The body blank was a 1-3/4" thick piece of bass wood cut to 14" x 22" dimensions, which was supplied by my friend Art at Carrousel Works, the greatest carrousel producing company on the planet.  Why bass wood?  Because it is easy to carve, doesn't splinter, and has a nice even grain to it.  The perfect basis for an novice carver.

So, now came the drawing of a 'big' foot to fit the plank.  I didn't want just a foot, I wanted something that is a little different, which wasn't tough to pencil out -- it took me only about five minutes for the basic design, and another ten to pencil in the toenails and top relief design.

Now, to the technical stuff for the drawing.  Determine the desired neck position and shape.  Mark the center line on the body, so the bridge can be properly placed.  Then the pickup locations fall into place, because I used only the neck and bridge positions.  Once that was done, the pots and jack was easy.

Thanks to a well equipped shop, I was able to easily cut the necessary openings and recesses with Forstner bits in my drill press, and finish off the openings with a chisel.
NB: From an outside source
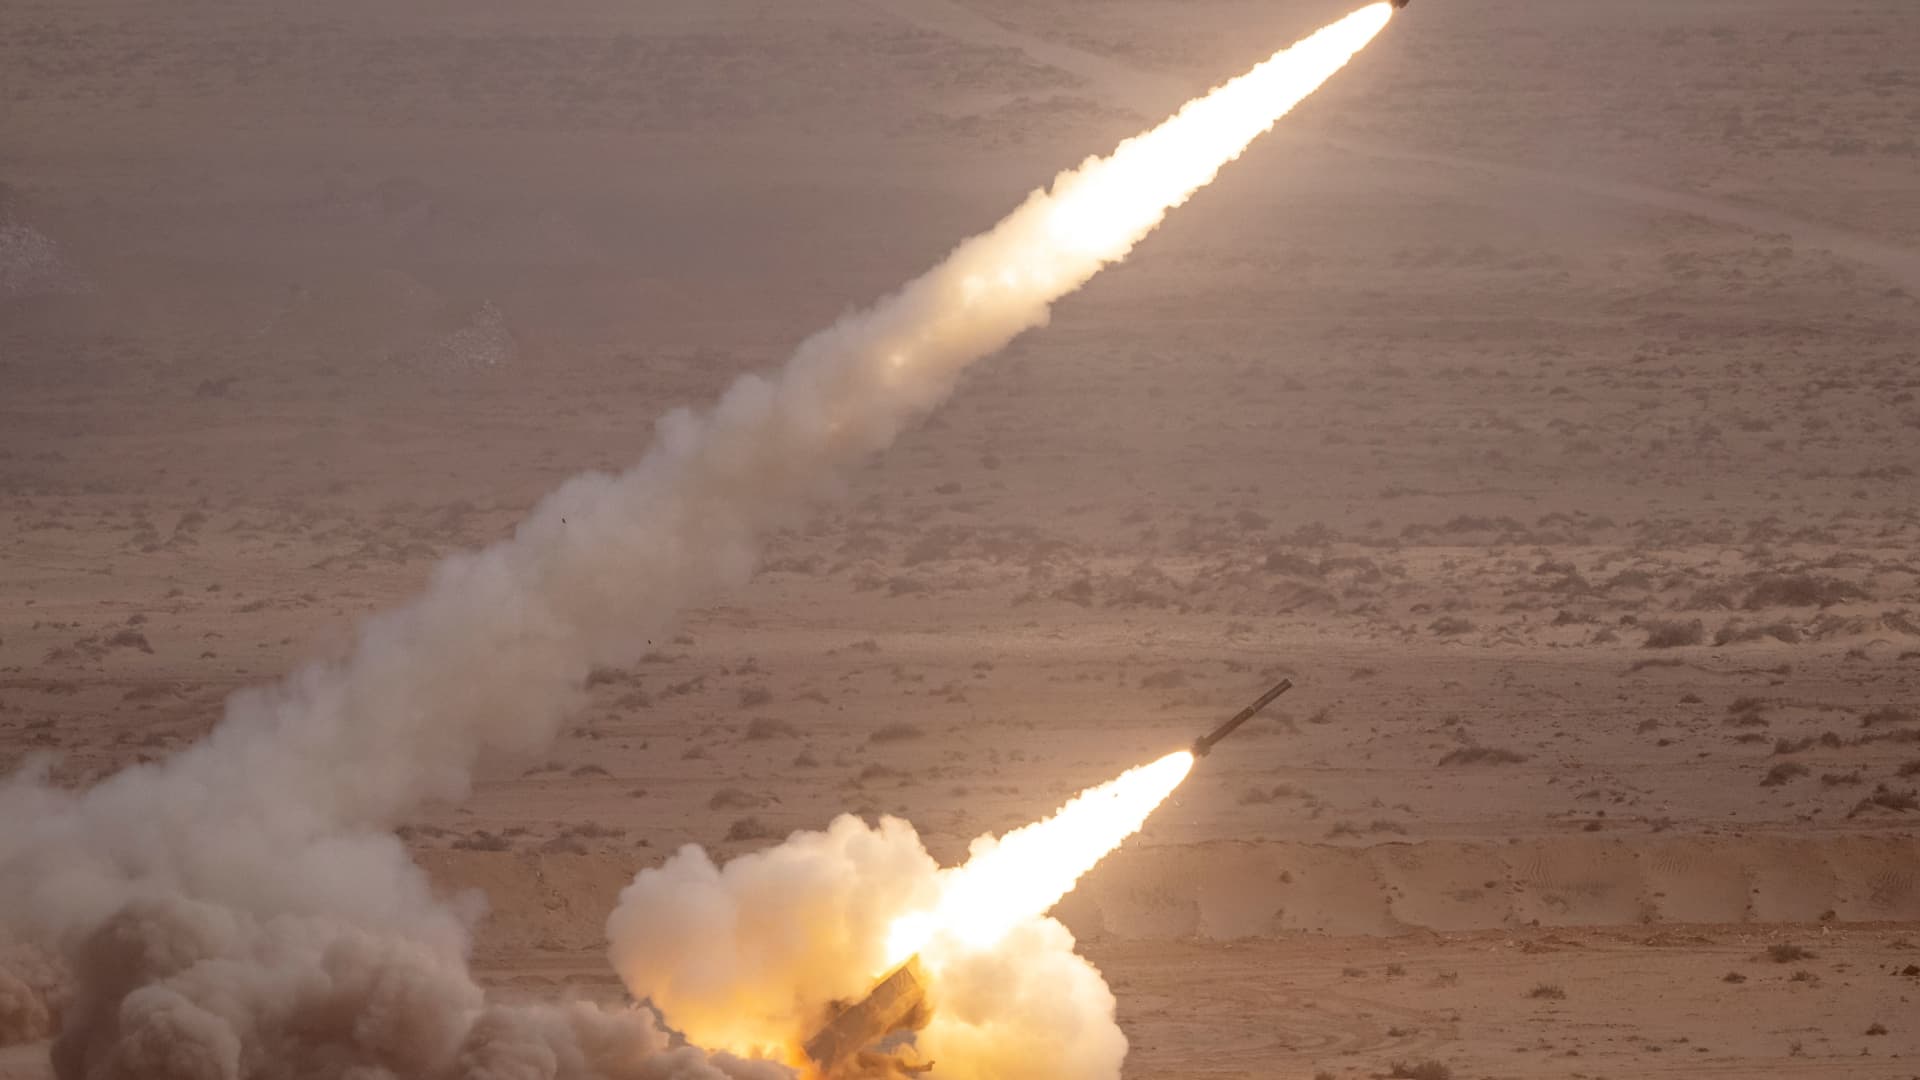 A US M142 High Mobility Artillery Rocket System (HIMARS) firing salvoes during a military exercise on June 30, 2022. The U.S. Department of Defense has announced that the U.S. will be sending Ukraine another $270 million in security assistance, a package which will include high mobility artillery rocket systems and a significant number of tactical drones.

Of course, the cavities had to be covered, so it was time to draw a scratch plate design, which was simple -- I had the other drawing to use as a reference.  The design was transferred to a 1/8" sheet of maple and cut on the trusty band saw, along with the body.  Voila, I got the preliminary makin's for a guitar body.

It's time to start carving.  I found the little Millers Falls carving tools I purchased at a swap meet years ago, sharpened them, and went to work. Little did I know that long ago that I would use them first for a guitar, truthfully, I don't even know why I bought them.  Tools acquisition is a guy thing, just like collecting guitars -- ask my friend Ty who owns GuitarFuel, who coined the phrase G.A.S. (Guitar Acquisition Syndrome).

Carving the front and the back of the body took me about 15 hours.  I think if I do another, it will be a smoother go, because I learned a few things and I feel a lot more comfortable with the whole process.  And, there will be another, probably not a foot (unless someone has enough long lean green), but certainly something interesting.

The carving and sanding is finally done, and the fitting of pieces is complete, so it's now time for the finishing. I chose golden oak stain for the body, leaving the toenails to be a bit lighter in tone (mineral spirits with oak stain added to reach just the right color).  Mahogany stain provided the desired contrast for the flame-like relief on the top.  And, the maple scratch plate got a diluted mixture of the oak stain.  The logo and hand painted name were added to the headstock, to complete things. Once I was satisfied with this, it was on to six coats of poly sanded with 1000 grit paper between each coat.

Parts were assembled and polish applied, and it's now time to fire it up on the amp.

Wow, it sounded great and played as smooth as butter.  I got lucky, I guess.  But, maybe my boys were right.